All images via Upworthy.
Their town's once-flourishing industry was collapsing. In fact, things got so bad, their native oyster was almost put on the endangered species list. It was a pretty big dilemma (and inconvenient timing), to say the least. But it only spurred the Croxton cousins' Rappahannock Oyster Company even more to find a solution.
They scoured the internet to see what other countries were doing, how they were producing their seafood. What they found was a more advanced, efficient technique that could help save not just their own business, but Chesapeake Bay's entire oyster industry.
Watch how this amazing journey unfolded right here:
This community of dedicated fishermen is making sure the Chesapeake Bay oyster doesn't end up on the endangered species list.
Posted by Upworthy Video on Friday, March 17, 2017
Rather than just gathering what oysters were left, the Croxtons turned to aquaculture, which is basically the farming and harvesting of anything that lives underwater.
Outside of aquaculture, gathering fish and oysters is just about that — gathering. Get, get, get. Fish, fish, fish. You collect as big a bounty as you can and you sell it for top dollar. The problem with that model is it becomes all about how much you can get, leaving little regard for resources.
In contrast, aquaculture is all about those resources. It focuses on creating a sustainable ecosystem where underwater plants and animals can thrive more naturally.
And when it comes down to it, oyster aquaculture can be a boon to both the environment and the economy.
For one thing, oysters are a natural cleaner and they act as an amazing filter for pollutants, such as nitrogen. "During its duration in the water, it's filtering 50 to 60 gallons of water a day," explained Ryan Croxton.

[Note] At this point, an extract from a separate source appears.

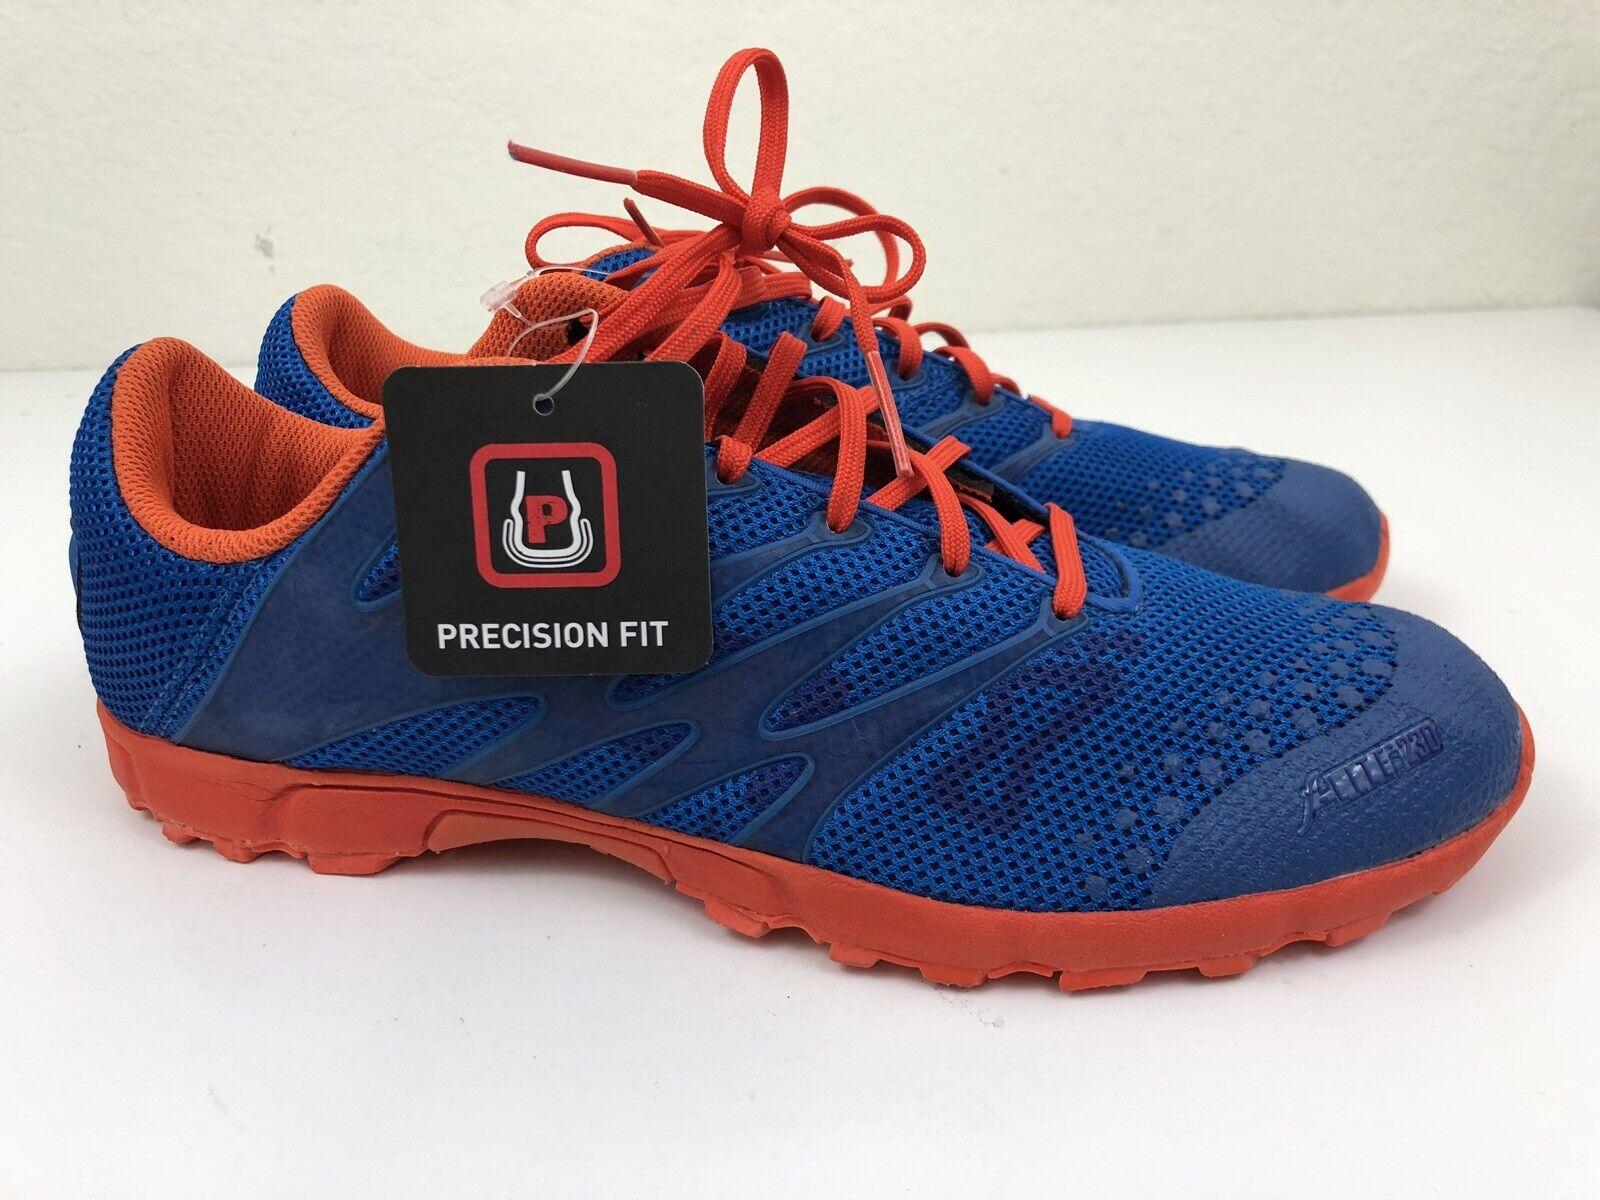 Inov - 8 F-Lite 230 Para Hombre Calce Crossfit Running Zapatos Talla Precision Talle Us 10 Azul

Promoting a habitat and life cycle that allows these oysters to blossom benefits Mother Nature (and our tummies) even more. "The oysters we grow actually increase the population of the wild oysters," added Travis Croxton. "You see underwater vegetation coming back, which provides sanctuary for marine animals."
When it comes to aquaculture and fish, however, the method does have potential downsides. Installing cages to farm the fish is necessary, and building them can damage a coast's natural ecosystem. On top of that, waste can accumulate in these structures and contaminate an area's water supply.
Aquaculture also has the potential to create countless new jobs. In the U.S. alone, aquaculture production hit just over a billion dollars back in 2012. But when you compare it to the $120 billion worldwide industry that it was valued at that same year, you can see there are still many opportunities for growth.
And it's already happening.
When the the Croxtons first started out, only a few businesses were doing aquaculture in their community. Now? Several hundred. "I've increased my workforce by about 30%," said Richard Harding, owner of Purcell’s Seafood Company. "We're a small business in a small community, so every job counts."
The best part? Aquaculture has the potential to improve food access for people all around the world.
A 2015 report by WorldFish shows how fish consumption is rising in developing nations — and future demand worldwide is only expected to increase in the coming decades. This means that aquaculture is going to play a pivotal role in making sure that everyone gets fed.
In fact, by 2030, it's already estimated that two-thirds of the global fish supply will be produced via aquaculture.
So yes, demand, populations, challenges — they're all rising. But, you know what? So is the know-how of the people addressing this issue. "Aquaculture is one of the rare things in this world that is a win-win for everything," added Travis Croxton.